The kids directed Chris to their father’s grave. We all stood around it for a minute, and then Austin asked if he could go run around. “Sure,” I said, and all three of them took off.
I stood there for a long while, watching them. I remembered when their father’s body was put in the ground, and how they’d run around the cemetery that day with some of their cousins, happy to be free of the church pews and car seats. “They miss their father,” I said to Chris, “but the cemetery isn’t a sad place for them.”
He squeezed my hand. He knew it was still a sad place for me.
Maybe it’s especially sad on Father’s Day because I see my kids getting bigger each year, knowing that one day, they won’t run around the cemetery because they will be too old for that. Knowing that one day they will be grown, and that they will live so many years without Shawn. Knowing that he will have missed so much of their lives.
But they don’t know that yet. They can only really see today.
“Come see the new path we found!” Claire shouted at us from across the cemetery, and then all three of them came running.
We followed them, over the hill and past the graves of people who had lived to be 80 or 90. Tommy turned around, laughing at something and then ran to keep up with his siblings. They were all smiling with the kind of childhood joy that proclaims, “I don’t know what’s coming next, but I think it’s going to be something special.”
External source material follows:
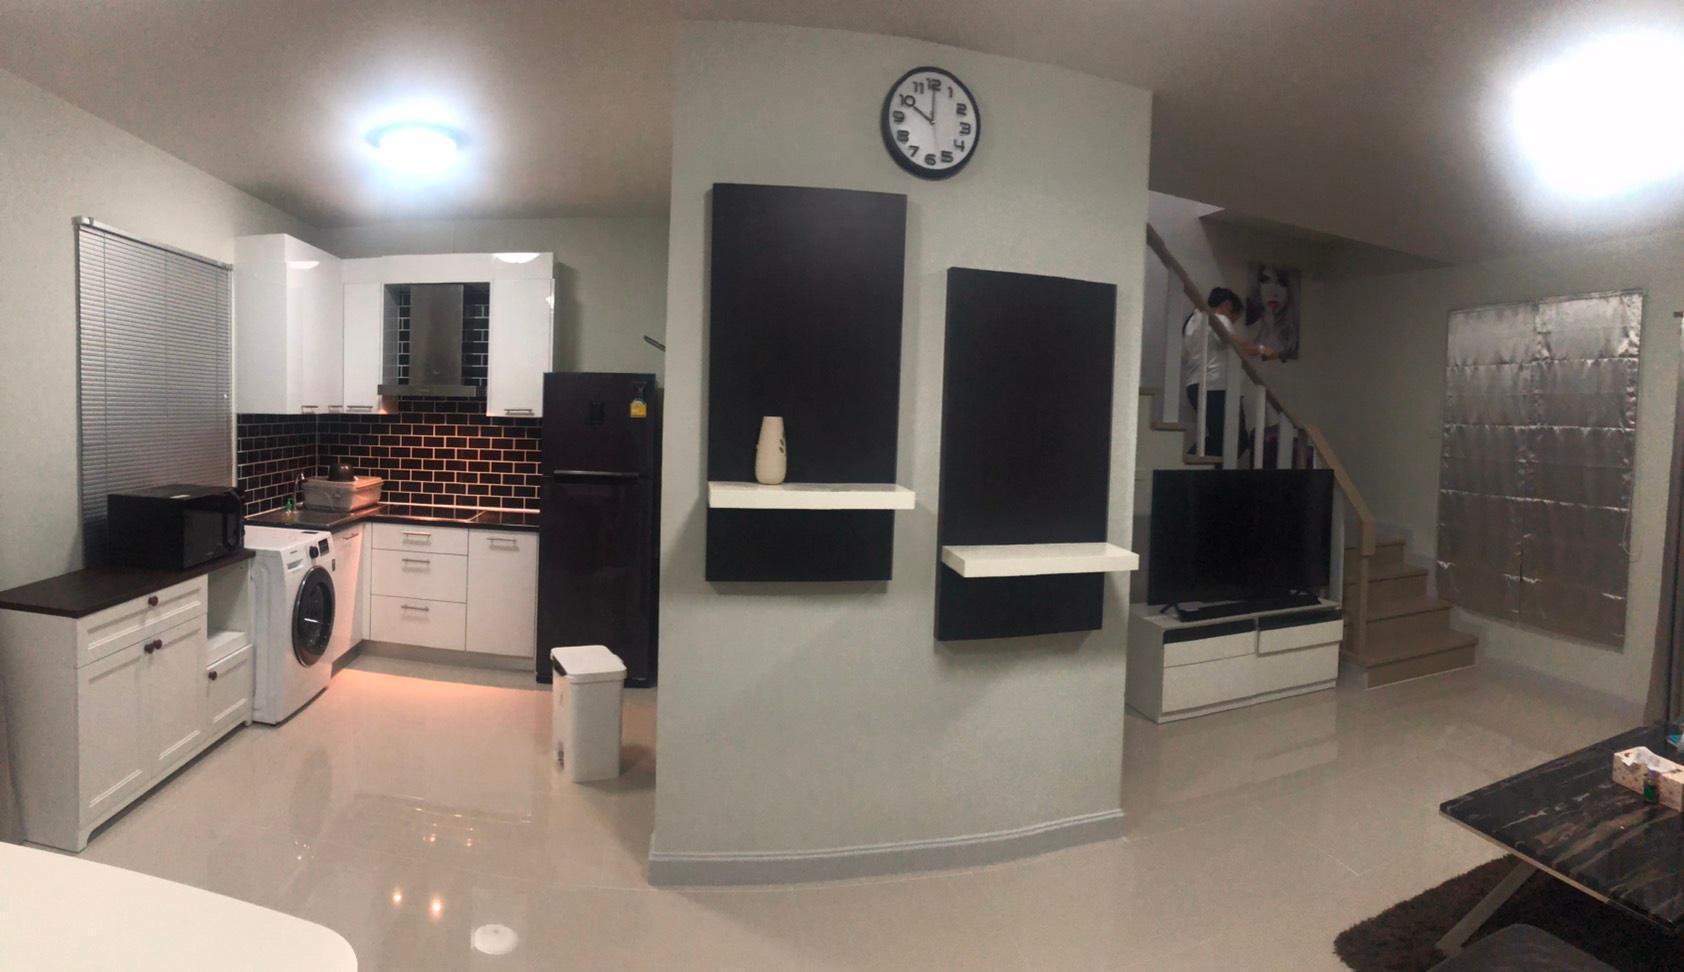 MM Home Service Full Home Facilities บ้านเดี่ยว 3 ห้องนอน 2 ห้องน้ำส่วนตัว ขนาด 120 ตร.ม. – สนามบินเชียงใหม่

They led us into an area of the cemetery I hadn’t ever seen, and we did some exploring. As we walked back to the car, they held hands and excitedly talked about the bike ride that was next. I took a minute to watch them from the top of the hill, thinking about their lives, both past and future.
I realized that I have spent years grieving the future they won’t have.
But they haven’t been grieving their futures. They miss their father, and they certainly miss him on Father’s Day. And yet, they believe in a future that is full of possibility, wonder and joy.
I think that – more than anything – is what would make Shawn truly happy.